Совершенствование разума открывает путь к воспитанию человеческой природы, объятой интеллектуальной любовью, стремлением к познанию единства, которым «дух» связан с объективным миром. Гармоническая целостность учения о вселенной, стройная согласованность философии и природы, предполагает знание законов мира и образование такого общества, при котором «как можно легче и вернее» многие пришли бы к выводу о необходимости всю силу духа своего направить на раскрытие законов, управляющих природой и человеком.

Отказ от «вечных и незыблемых ценностей» мещанства и буржуазного блага дал повод филистерам рисовать Спинозу в виде бездушного и холодного созерцателя. Но такой портрет философа — вымысел, Он полностью расходится с реальным образом Бенедикта Спинозы, с сыном революционной эпохи, умевшим последовательно отстаивать свое учение и бороться за торжество своих взглядов. Воинствующим поборникам наживы и грабежа, душителям свободы, справедливости и правды Спиноза заявил: «Я не мешаю другим делать наживу целью своей жизни, но пусть и мне будет дозволено жить сообразно с истиной».

В «Трактате об усовершенствовании разума» Спиноза выступает как пламенный пропагандист опытного изучения природы, живой научной мысли и неограниченных прав разума. Вырвавшись из мрачного плена религии, опьяненный солнцем разума, Спиноза становится глашатаем гуманизма, подлинной любви к человеку, упоенному природой и поднимающемуся с помощью материалистической философии к вершинам счастья и совершенства.

Как известно, Декарт положил в основу бытия разум, являющийся исходной позицией его философии. «Я мыслю — стало быть, существую». Спиноза же был глубоко убежден в существовании природы, основы основ всего живого и реального, в том числе и разума. Мышление, по Спинозе, не пустое умствование, а содержательное воспроизведение мира в понятиях.

Разум — это безграничная способность человека проникать в глубь природы, раскрывать ее сокровенные тайны и законы. Разум — это вечная жажда знания, утолить которую до конца невозможно. Невозможно потому, что объект знания — бесконечная, абсолютная, могучая и неисчерпаемая природа.

В «Кратком трактате» Спиноза полагал, что ограниченный разум человека не в состоянии познать безграничную вселенную.
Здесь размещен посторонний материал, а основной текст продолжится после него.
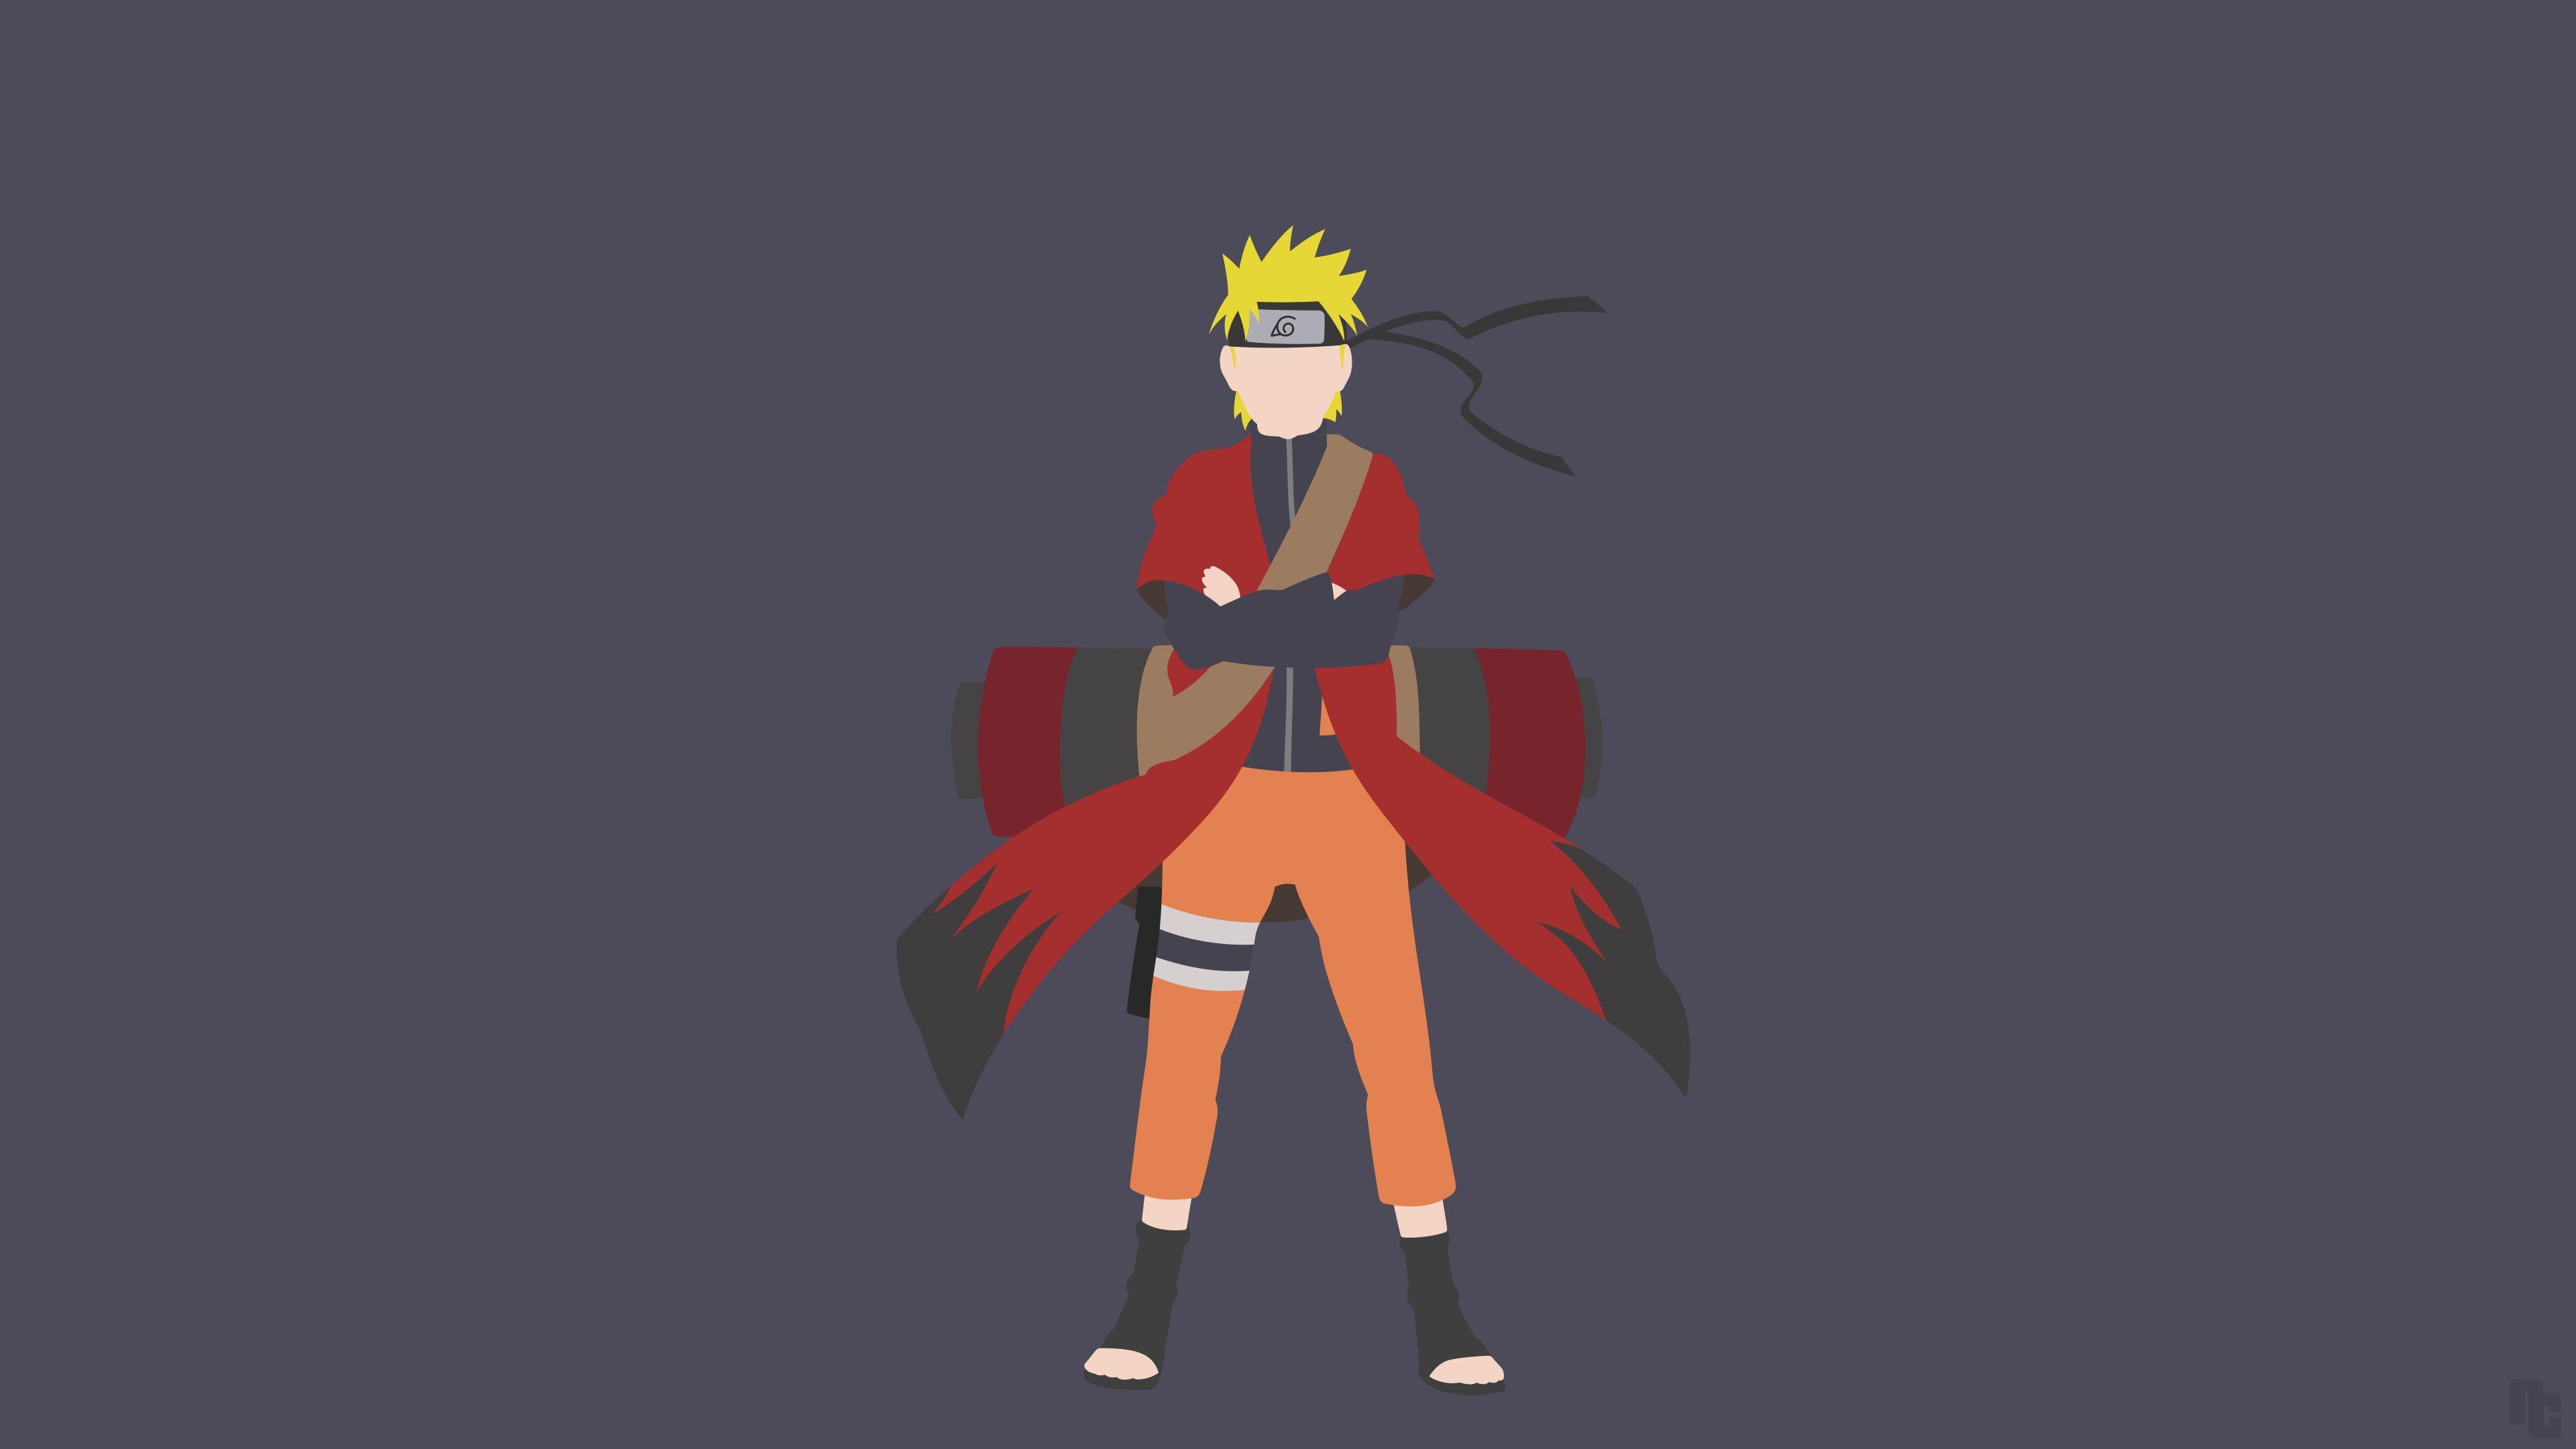 Anime Naruto Shippuuden Uzumaki Naruto Minimalism 4k Wallpaper

Он писал: «1. Существует бесконечное число познаваемых вещей. 2. Конечный ум не может понять бесконечного».

В «Трактате об усовершенствовании разума» Спиноза заявляет, что конечный ум можно и должно врачевать, совершенствовать, а это приближает его к природе вещей и дает ему возможность в бесконечном многообразии мира уловить единство и сущность.

Спиноза подчеркивает, что ум человека совершенствуется не пассивно, а в процессе познания и покорения природы, «Здесь дело обстоит так же, — поясняет автор трактата, — как и с материальными орудиями... Чтобы ковать железо, нужен молот, необходимо его сделать; для этого нужен другой молот и другие орудия; а чтобы их иметь, также нужны будут другие орудия, и так до бесконечности; таким образом, кто-нибудь мог бы попытаться доказать, что у людей нет никакой возможности ковать железо. Но подобно тому, как люди изначала сумели природными орудиями сделать некоторые наиболее легкие, хотя и с трудом и несовершенно, а сделав их, сделали и другие более трудные, с меньшим трудом и совершеннее, и так постепенно переходят от простейших работ к орудиям и от орудий к другим работам и орудиям и дошли до того, что с малым трудом совершили столько и столь трудного; так и разум природной силой своей создает себе умственные орудия (instrumenta intellectualia), от которых обретает другие силы для других умственных работ, а от этих работ — другие орудия, то есть возможность дальнейшего исследования, и так постепенно подвигается, пока не достигнет вершины мудрости».

Провозглашая безграничную мощь человеческого ума, Спиноза едко высмеивал скептиков, людей, глубоко пораженных «духовной слепотой от рождения или вследствие предрассудков».

«Трактат об усовершенствовании разума» — восторженный гимн всесилию интеллекта, его могуществу и способностям дать истину, рисовать картину мира, изображающую реальную действительность, ее существенные стороны и закономерности.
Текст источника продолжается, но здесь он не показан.